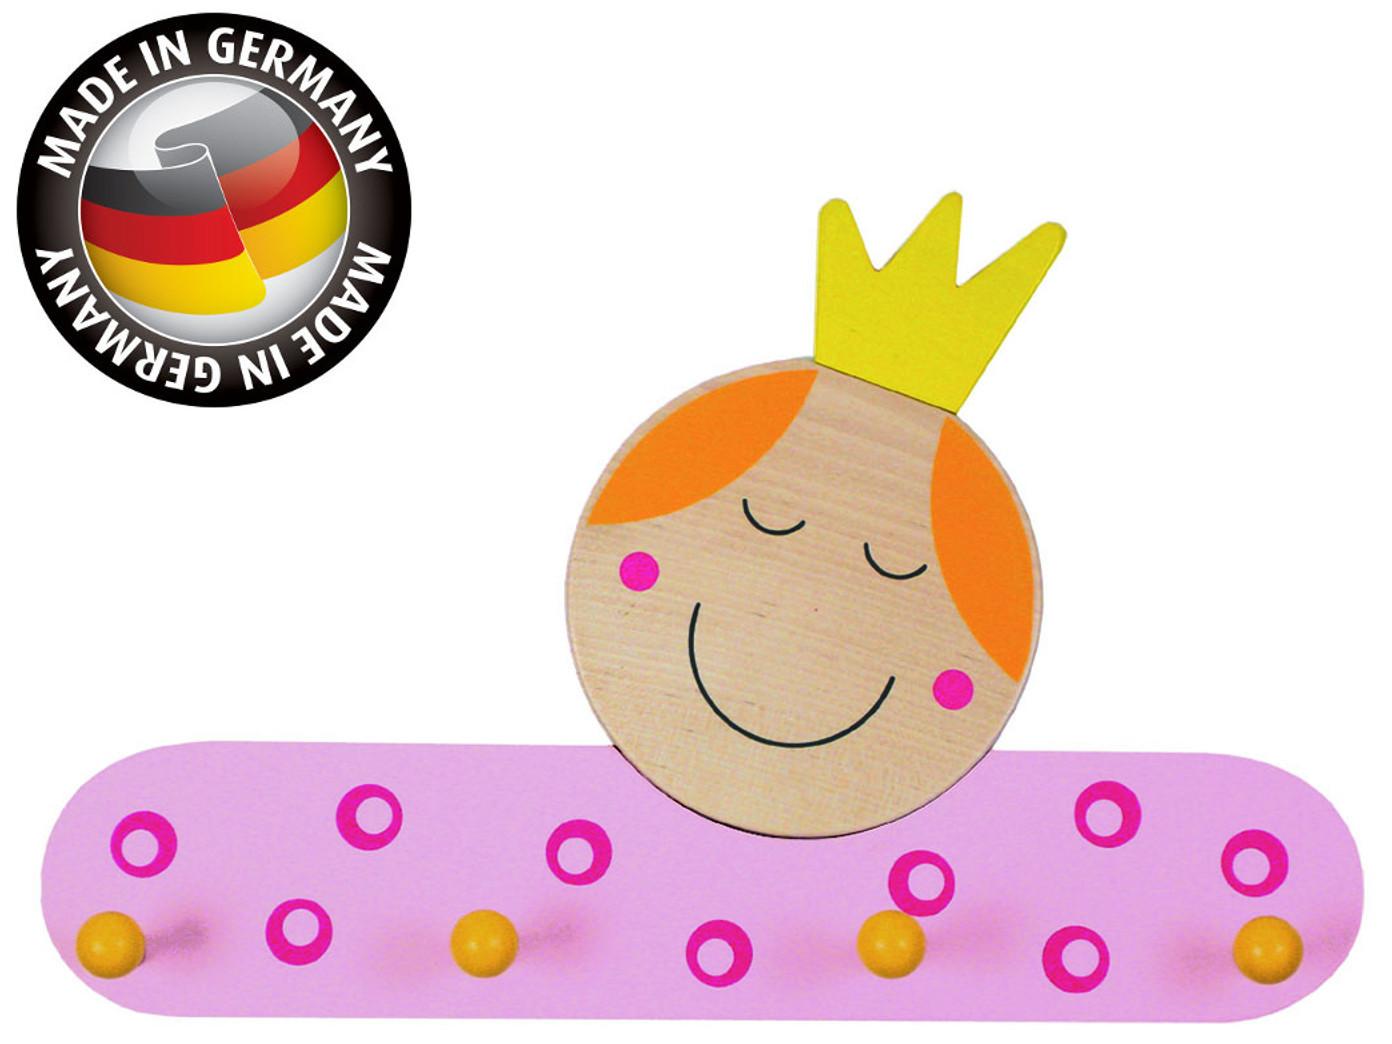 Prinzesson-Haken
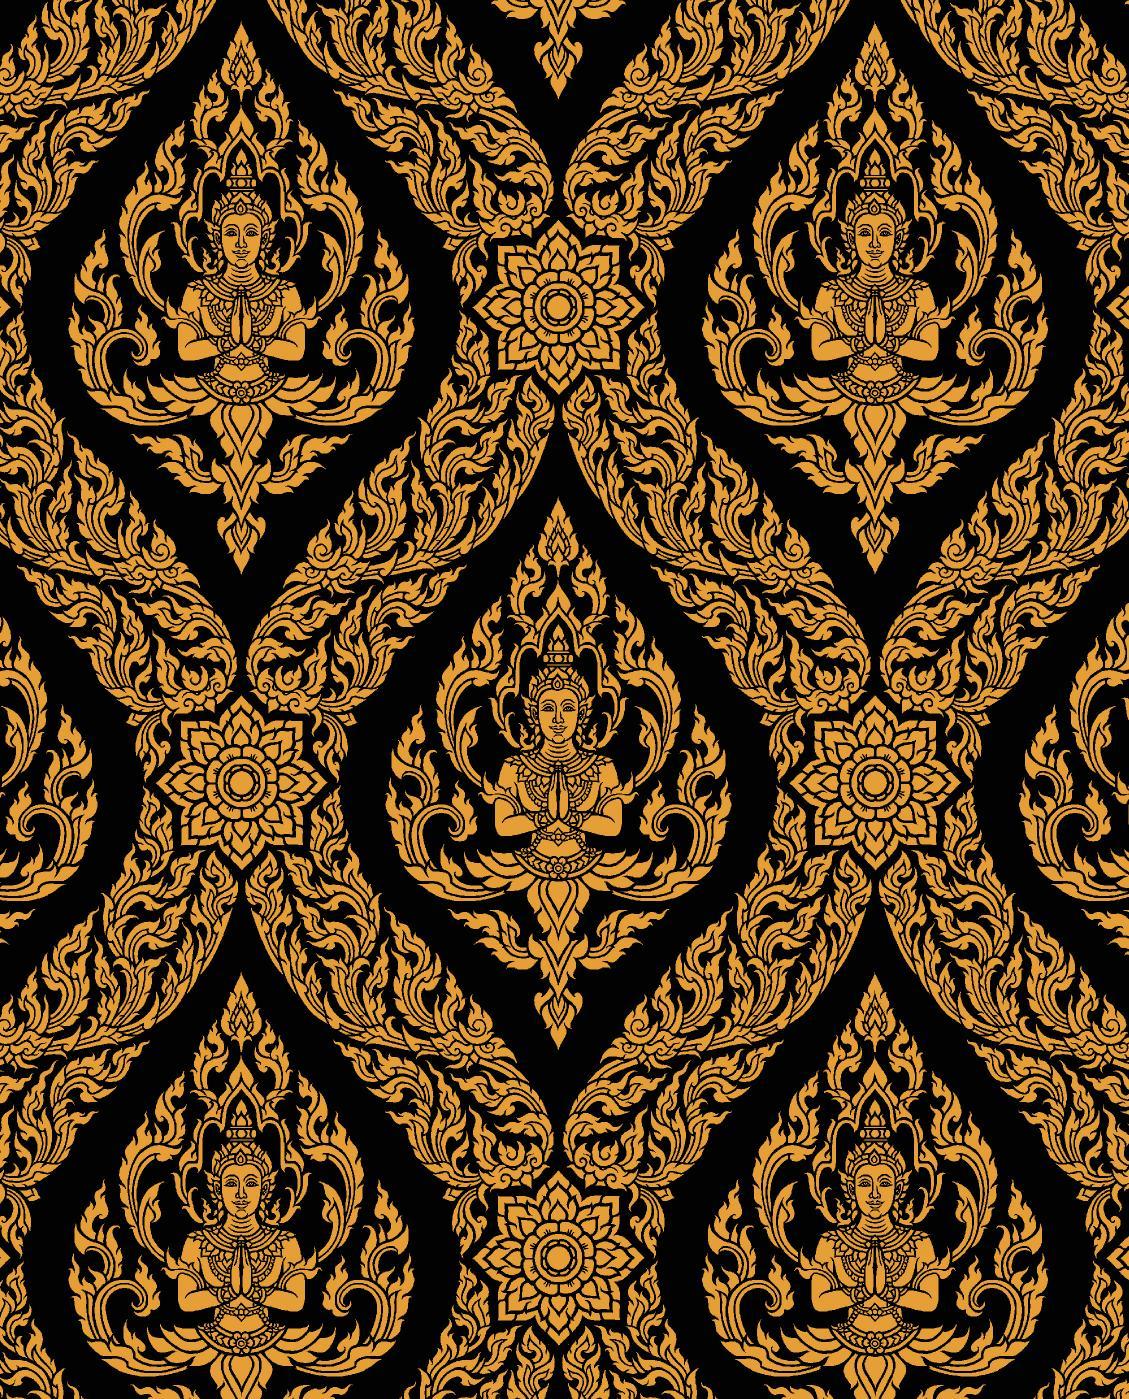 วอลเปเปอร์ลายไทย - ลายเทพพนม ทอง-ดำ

· · ·

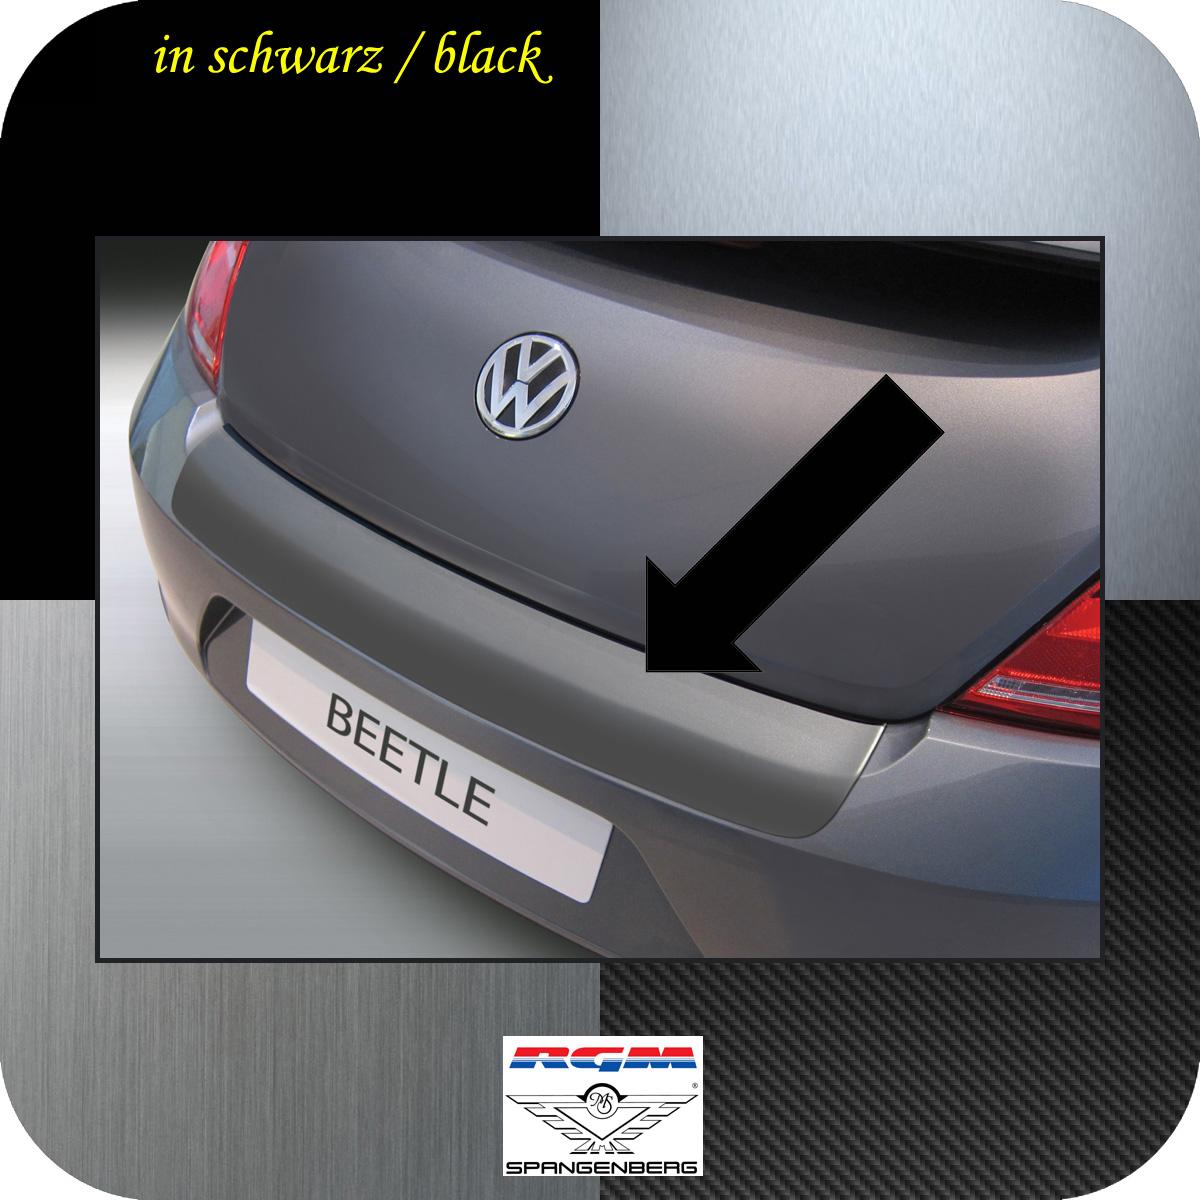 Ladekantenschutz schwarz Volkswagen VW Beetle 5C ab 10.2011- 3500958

· · ·

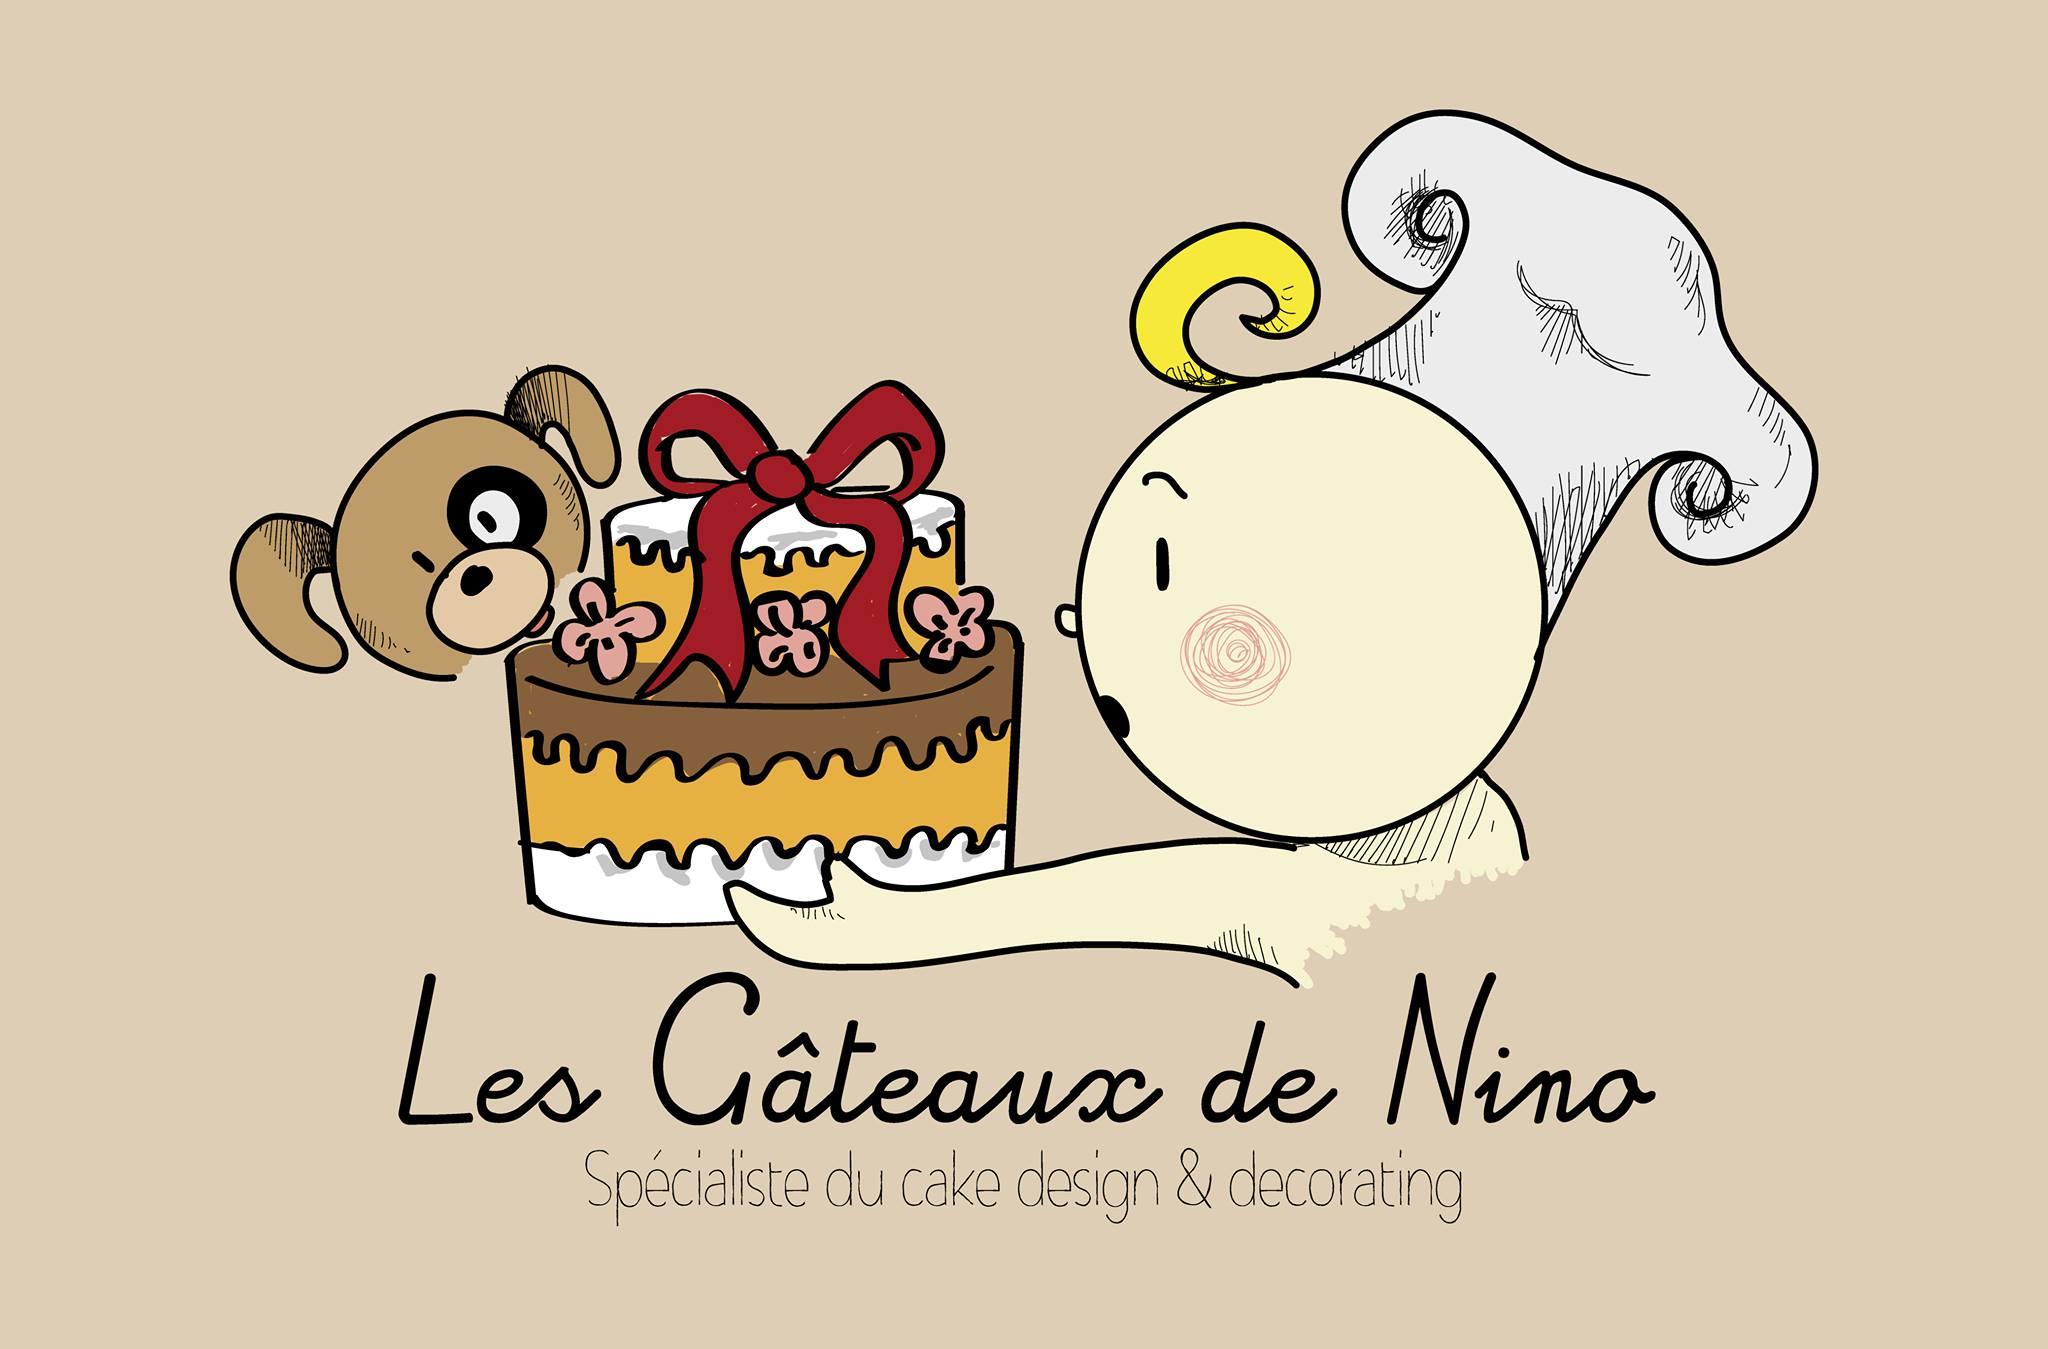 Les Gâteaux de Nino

· · ·

EXERCISE DETAILS: Beginning at the line above that contains "Prinzesson-Haken" and going on through the line that contains "วอลเปเปอร์ลายไทย - ลายเทพพนม ทอง-ดำ", please copy every line exactly, leaving the pictures out and adding nothing.

ANSWER AREA:
 Prinzesson-Haken
 วอลเปเปอร์ลายไทย - ลายเทพพนม ทอง-ดำ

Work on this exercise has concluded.